« Vous avez raison, me dit Manette, enfin, il est évident que ces trois tableaux sont à rejeter absolument. C’est Dieulafoi qui doit sauter. J’appelle demain le directeur de Continental. Et on fait sortir le livre le plus vite possible. Si ça sort ailleurs, vous aurez toute l’autorité pour démentir. »
Je me tais.
Un horrible soupçon me vient : si c’est ce que je pense, c’est grave, mais j’ai le pouvoir de tout faire cesser immédiatement. Je n’en dirai rien à personne. Il s’agira d’une mission de confiance que je ne peux confier qu’à moi-même, au grand vieillard oublieux et infatué que je suis aujourd’hui devenu. Si j’avais à peindre trois faux Gossec de 1967, je crois que je saurais exactement comment faire, et où aller.

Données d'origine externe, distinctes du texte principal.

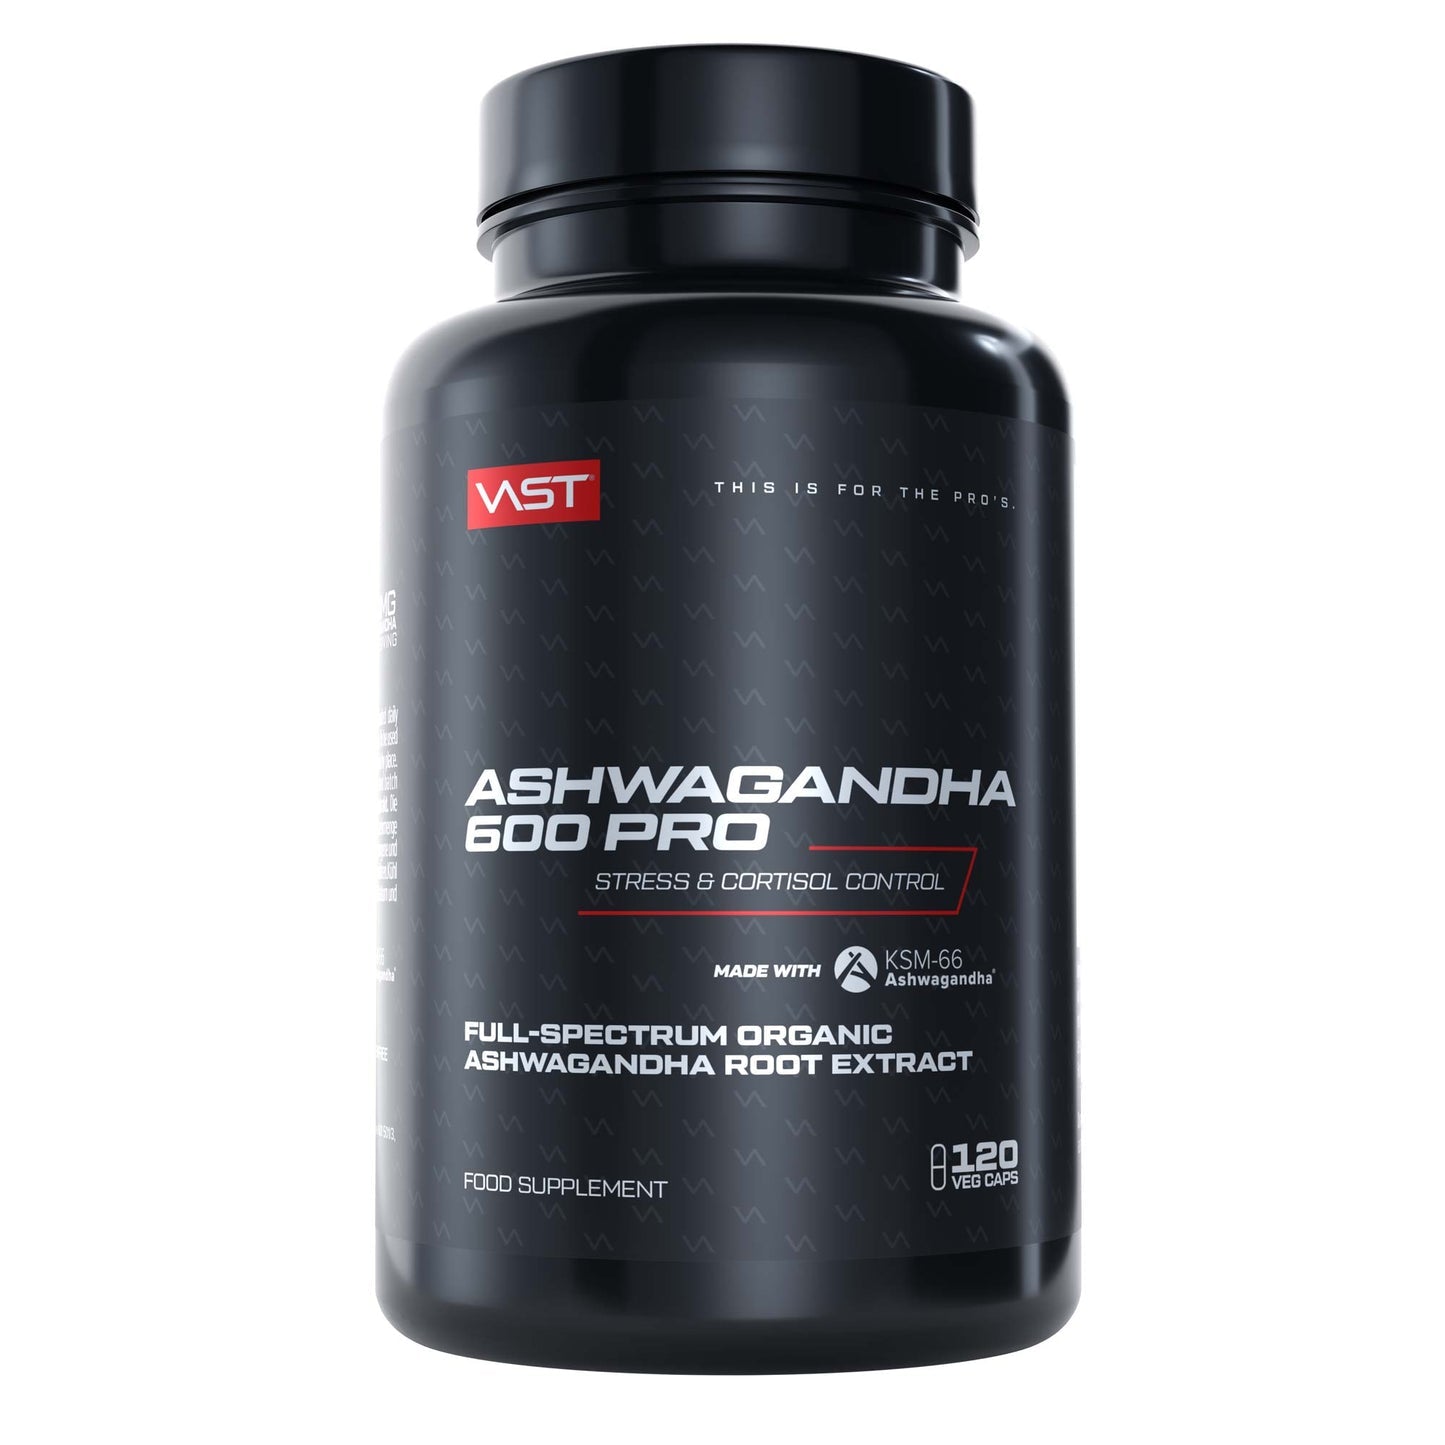 VAST - Ashwagandha 600 Pro - Vegan - 120 Caps - Stress und Cortisol Control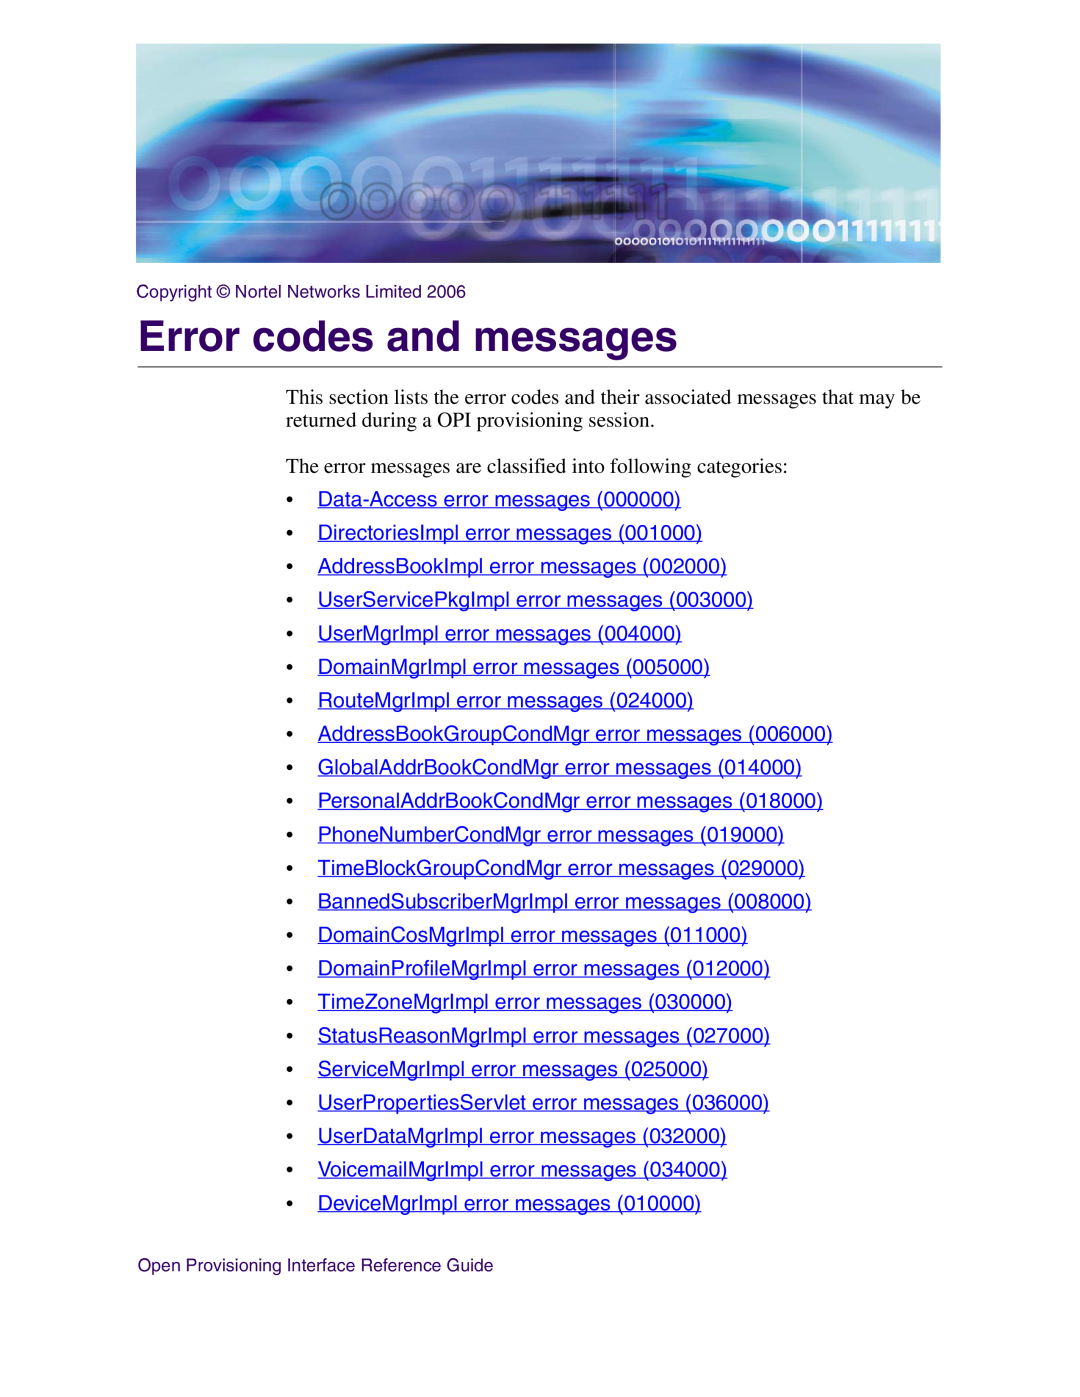 Nortel Networks NN42020-123 manual Error codes and messages, Data-Access error messages DirectoriesImpl error messages

Oublions. Je pensais que Virgile avait fini par se signaler. Jacques me dit qu’il ne comptait pas revenir avant la semaine prochaine. Il l’a eu au téléphone pendant que je recevais mes visiteuses. Virgile lui a expliqué qu’il avait des amis à dîner, deux ou trois peut-être, des intimes, mais que si c’était une demande expresse de son père, il rentrerait demain. Tout me porte à l’aimer, mon petit Virgile, comme je n’ai jamais aimé les autres. C’est le fils que mon père aurait voulu avoir et que je n’ai pas su être.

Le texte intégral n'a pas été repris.